───── DATA BELOW ─────

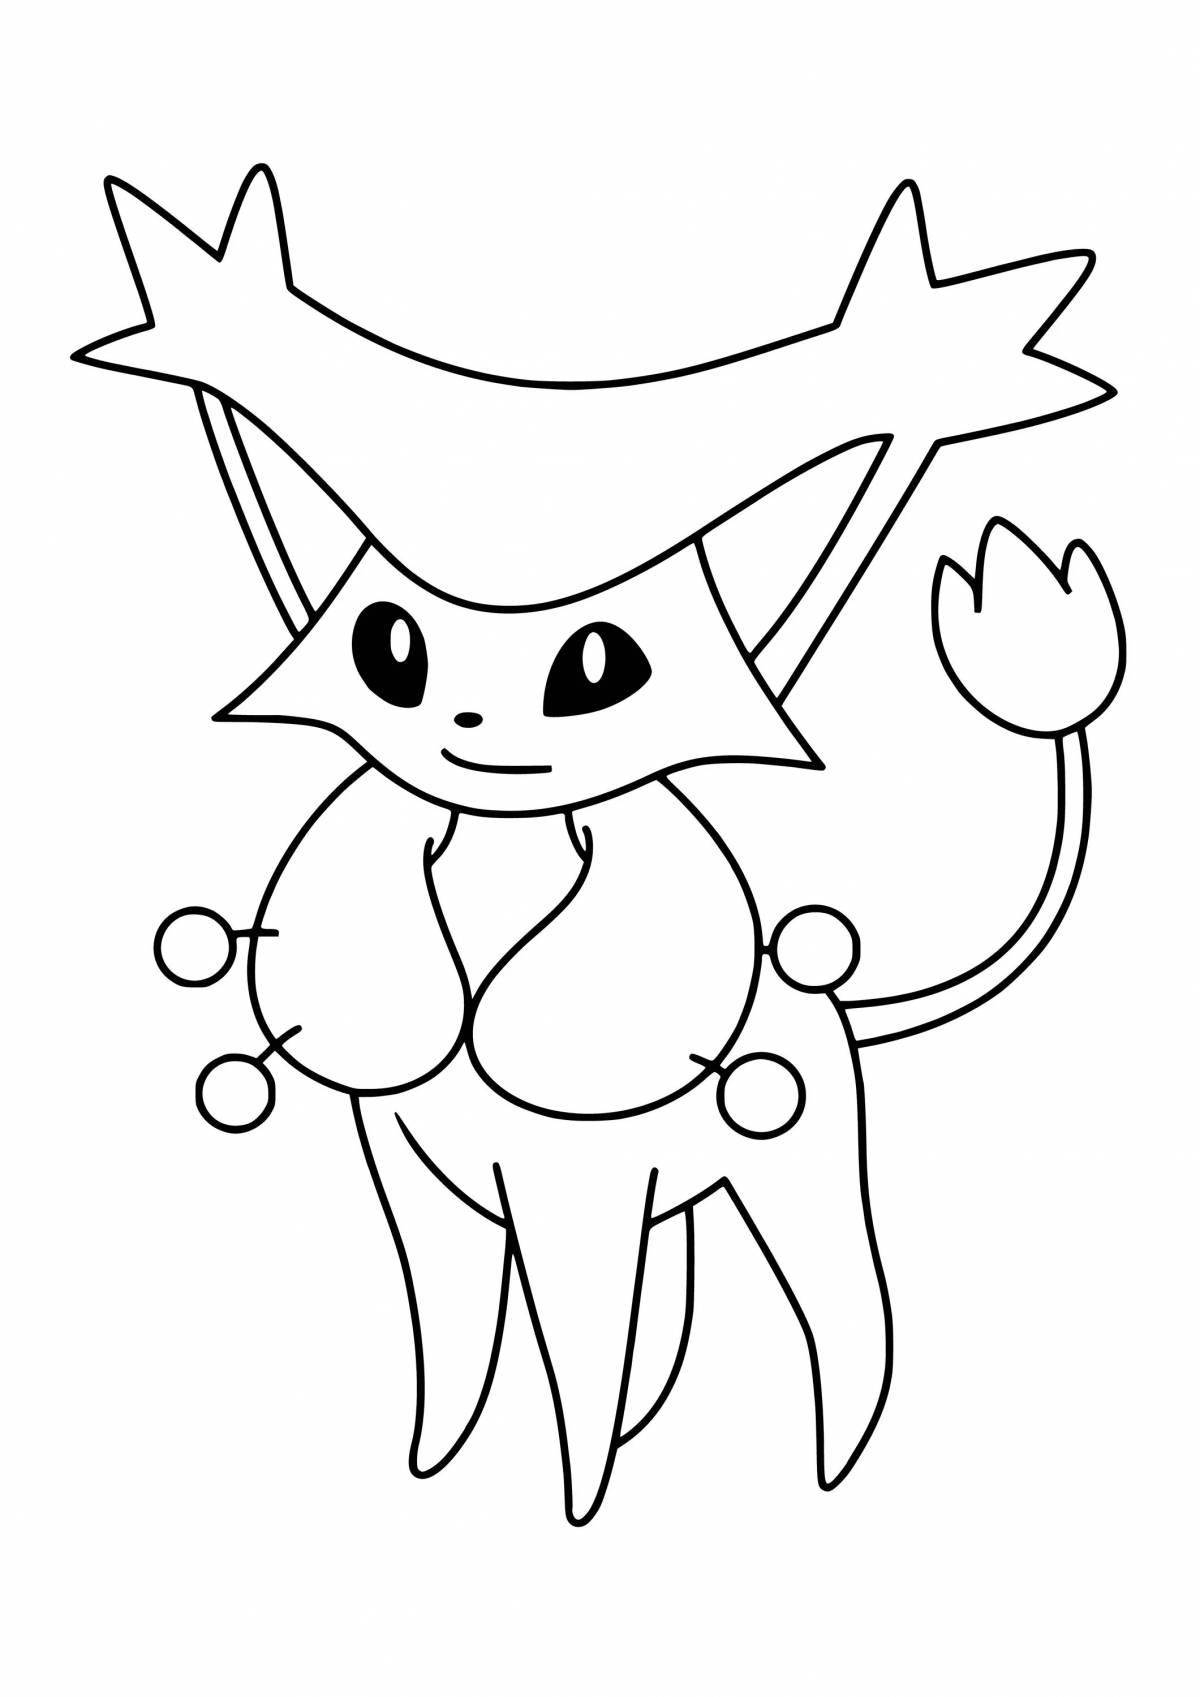 Cute pokemon coloring pages for kids
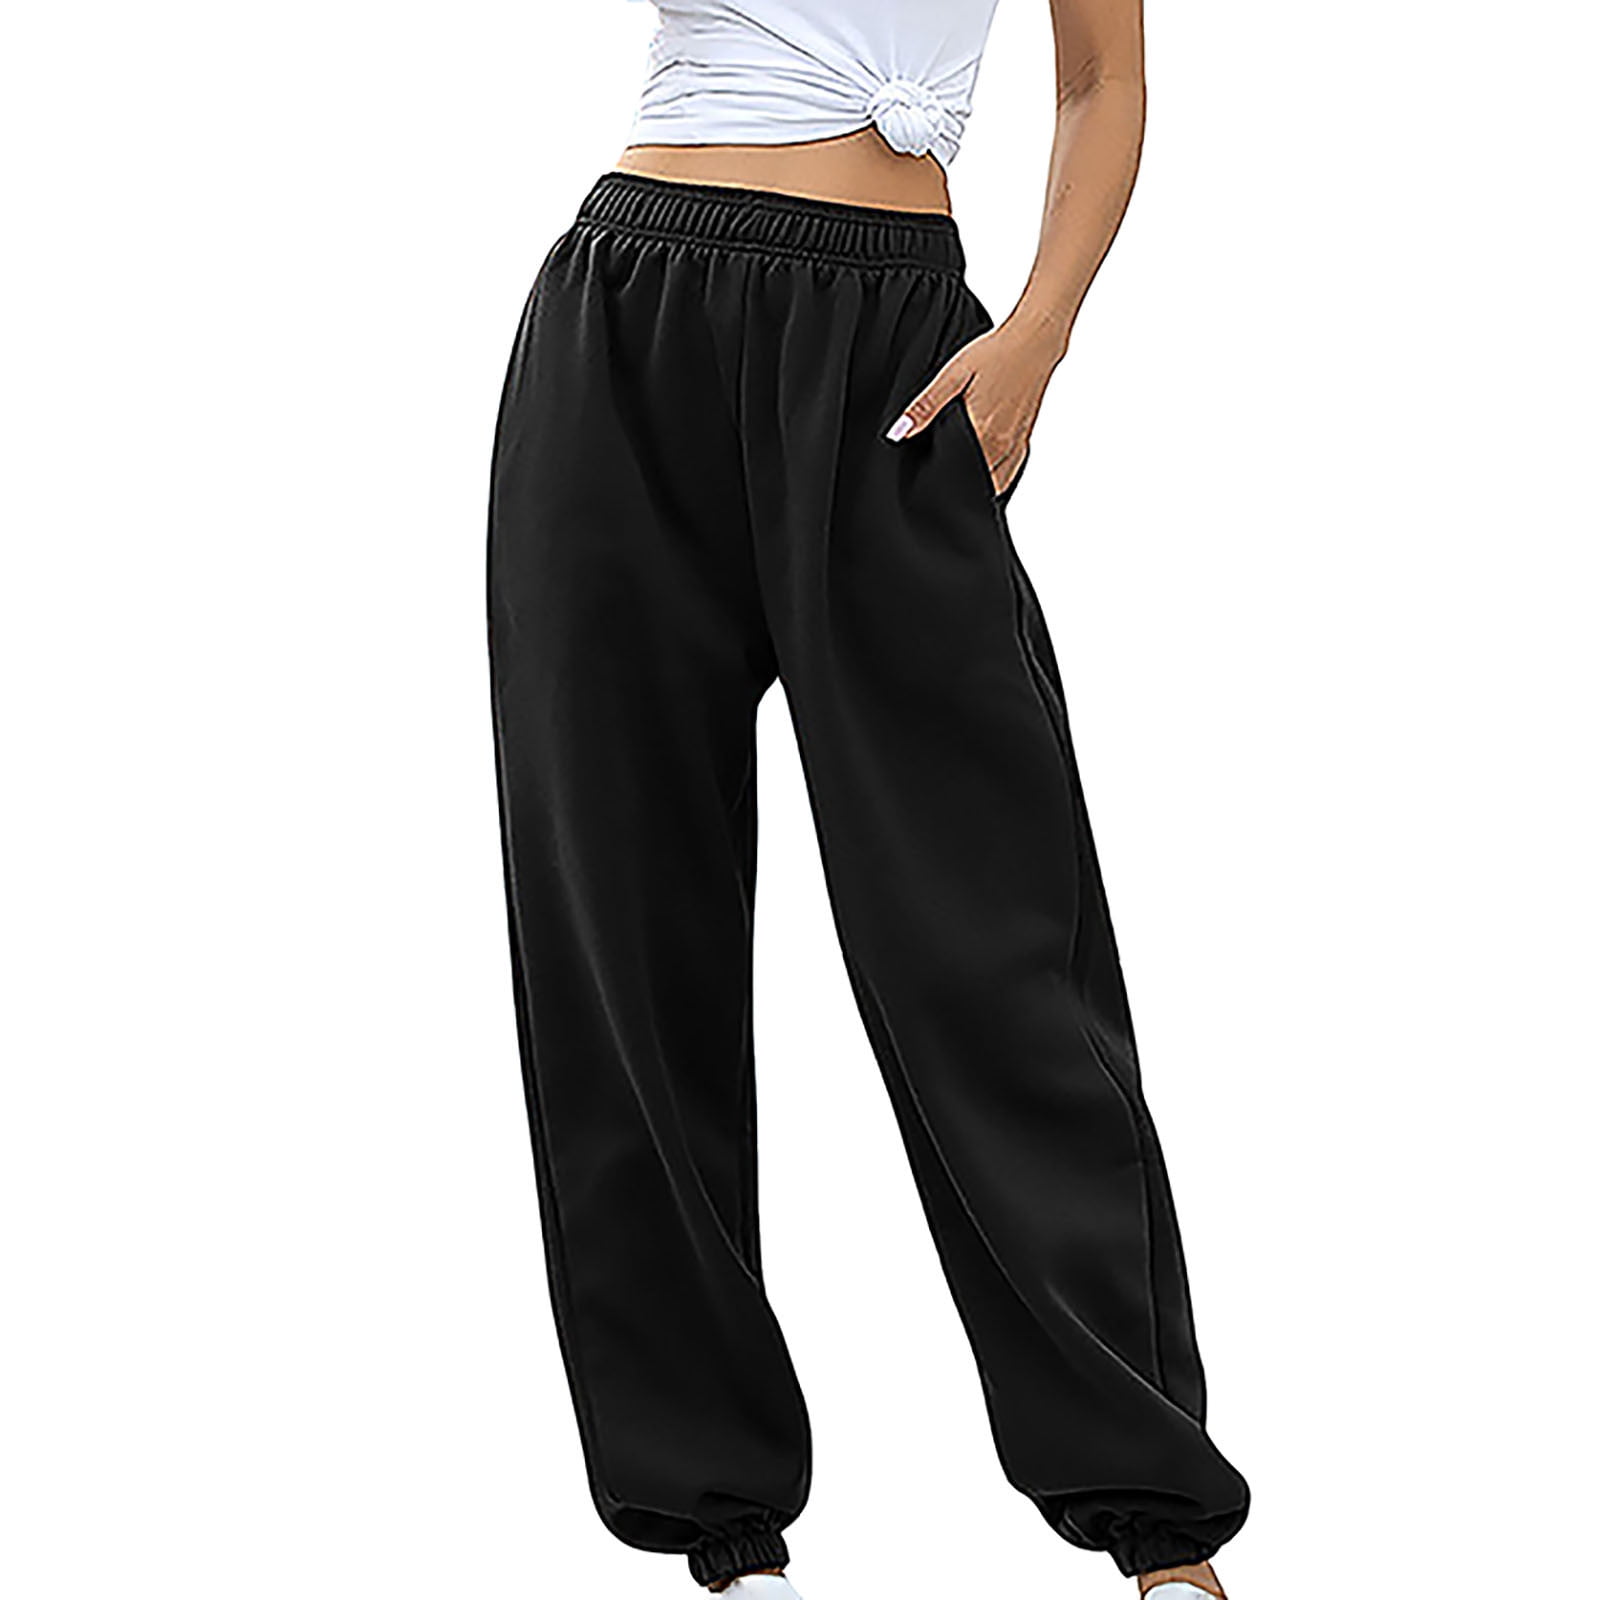  XBTCLXEBCO Womens Wide Leg Sweatpants Elastic Waist Drawstring  Athletic Joggers Side Slit Baggy Lounge Sweat Pants Fall Trousers (#B  Black, S) : Clothing, Shoes & Jewelry
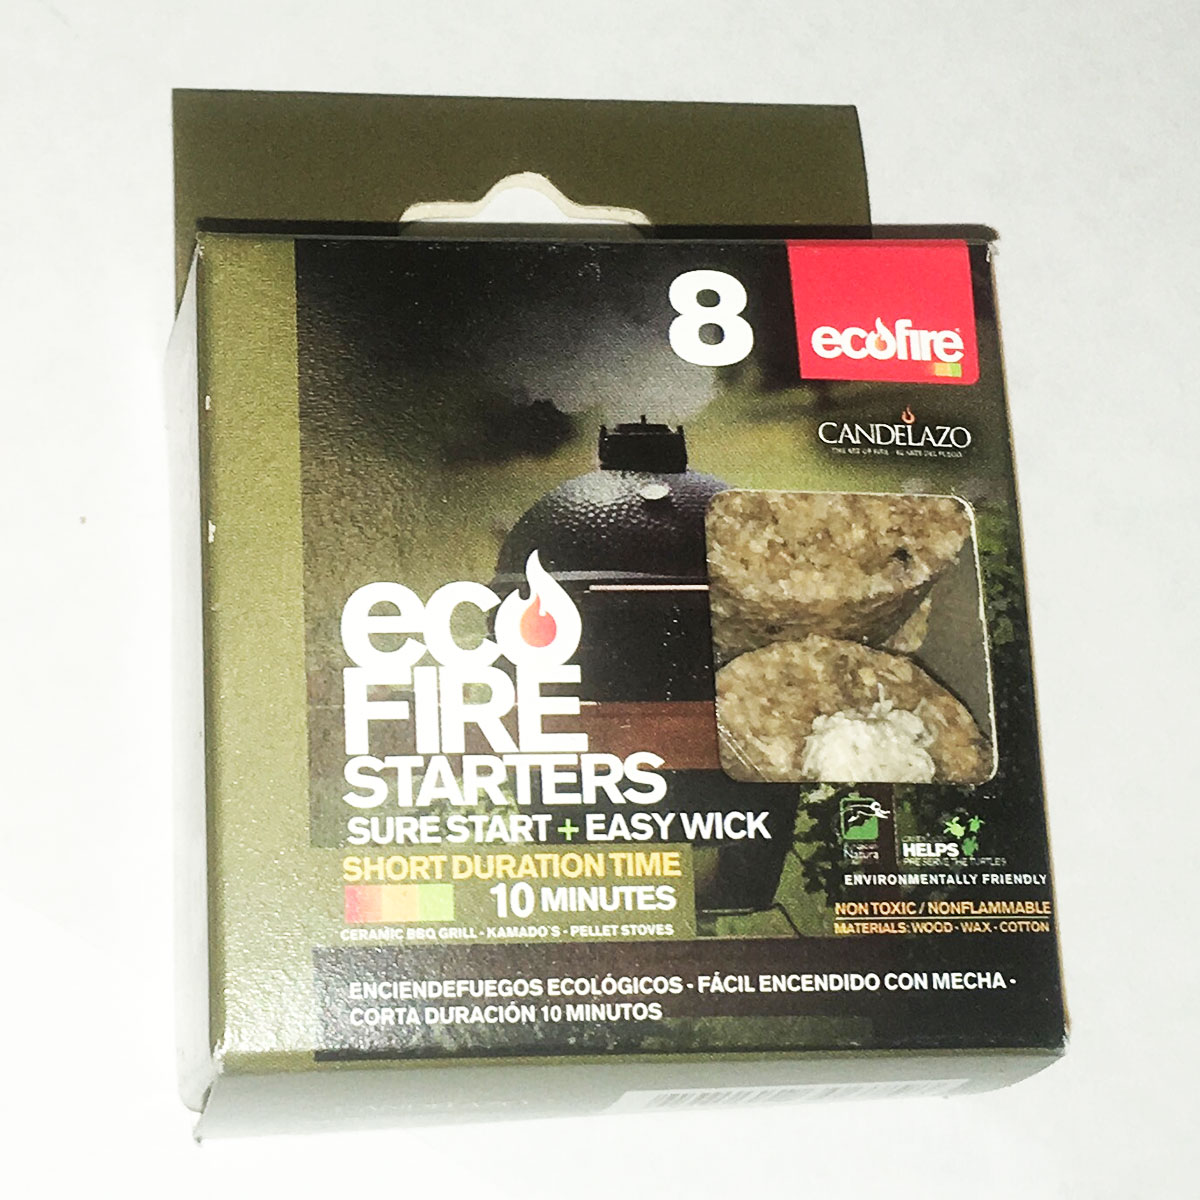 ECOFIRE Ecological Fire Starters Long Duration Time x 48 units.
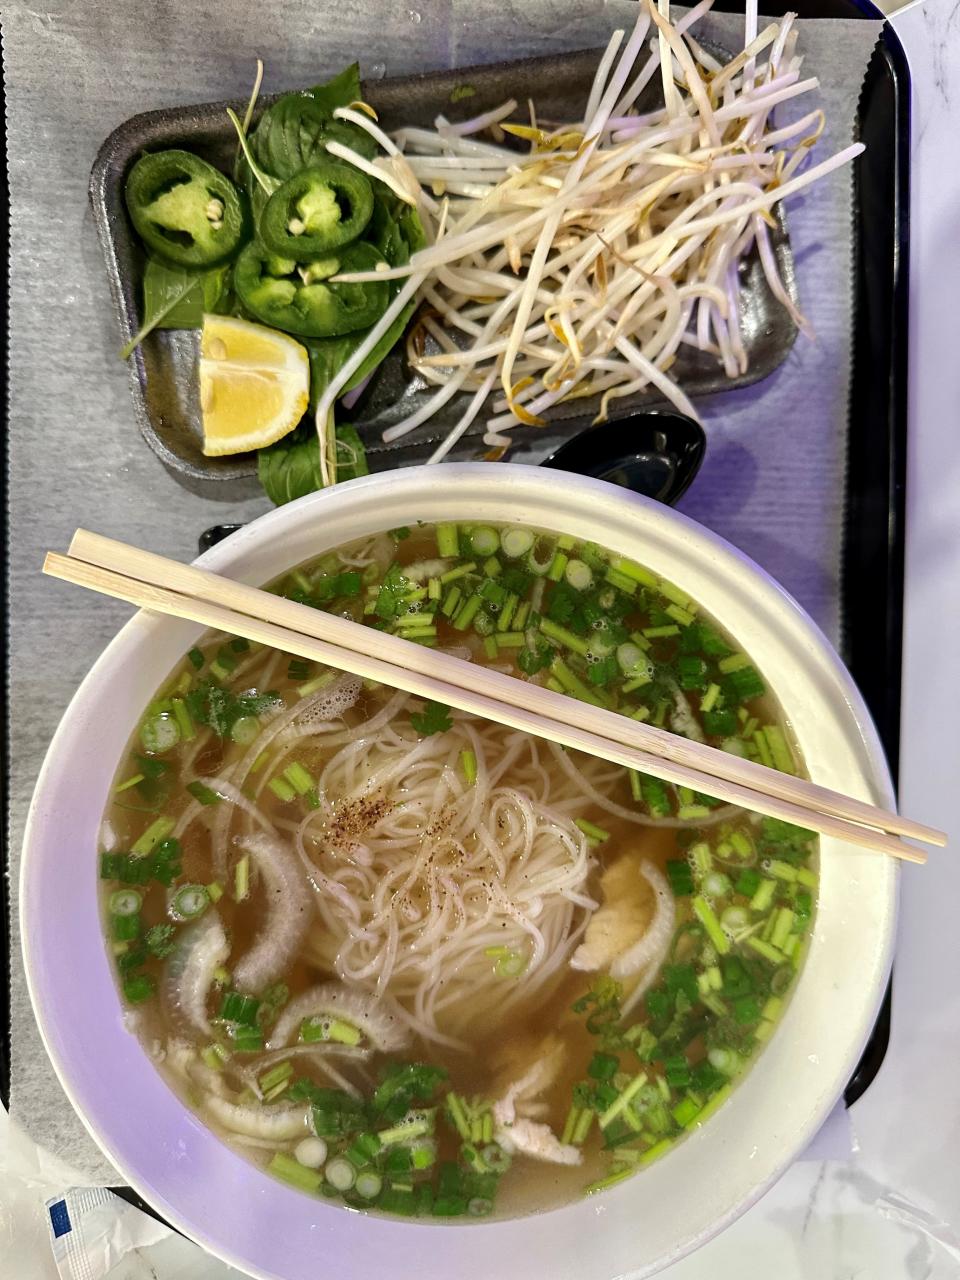 Food writer Lyn Dowling, on the phở at Saigon Baguette: "Everything about it was grand, a dish that was at once substantial and delicate.Everything about it was grand, a dish that was at once substantial and delicate."

─────

* TRY IT
Would you restate all of the data above word for word, omitting the pictures?

* EXERCISE SOLUTION
 Cute pokemon coloring pages for kids
  XBTCLXEBCO Womens Wide Leg Sweatpants Elastic Waist Drawstring  Athletic Joggers Side Slit Baggy Lounge Sweat Pants Fall Trousers (#B  Black, S) : Clothing, Shoes & Jewelry
 ECOFIRE Ecological Fire Starters Long Duration Time x 48 units.
 Food writer Lyn Dowling, on the phở at Saigon Baguette: "Everything about it was grand, a dish that was at once substantial and delicate.Everything about it was grand, a dish that was at once substantial and delicate."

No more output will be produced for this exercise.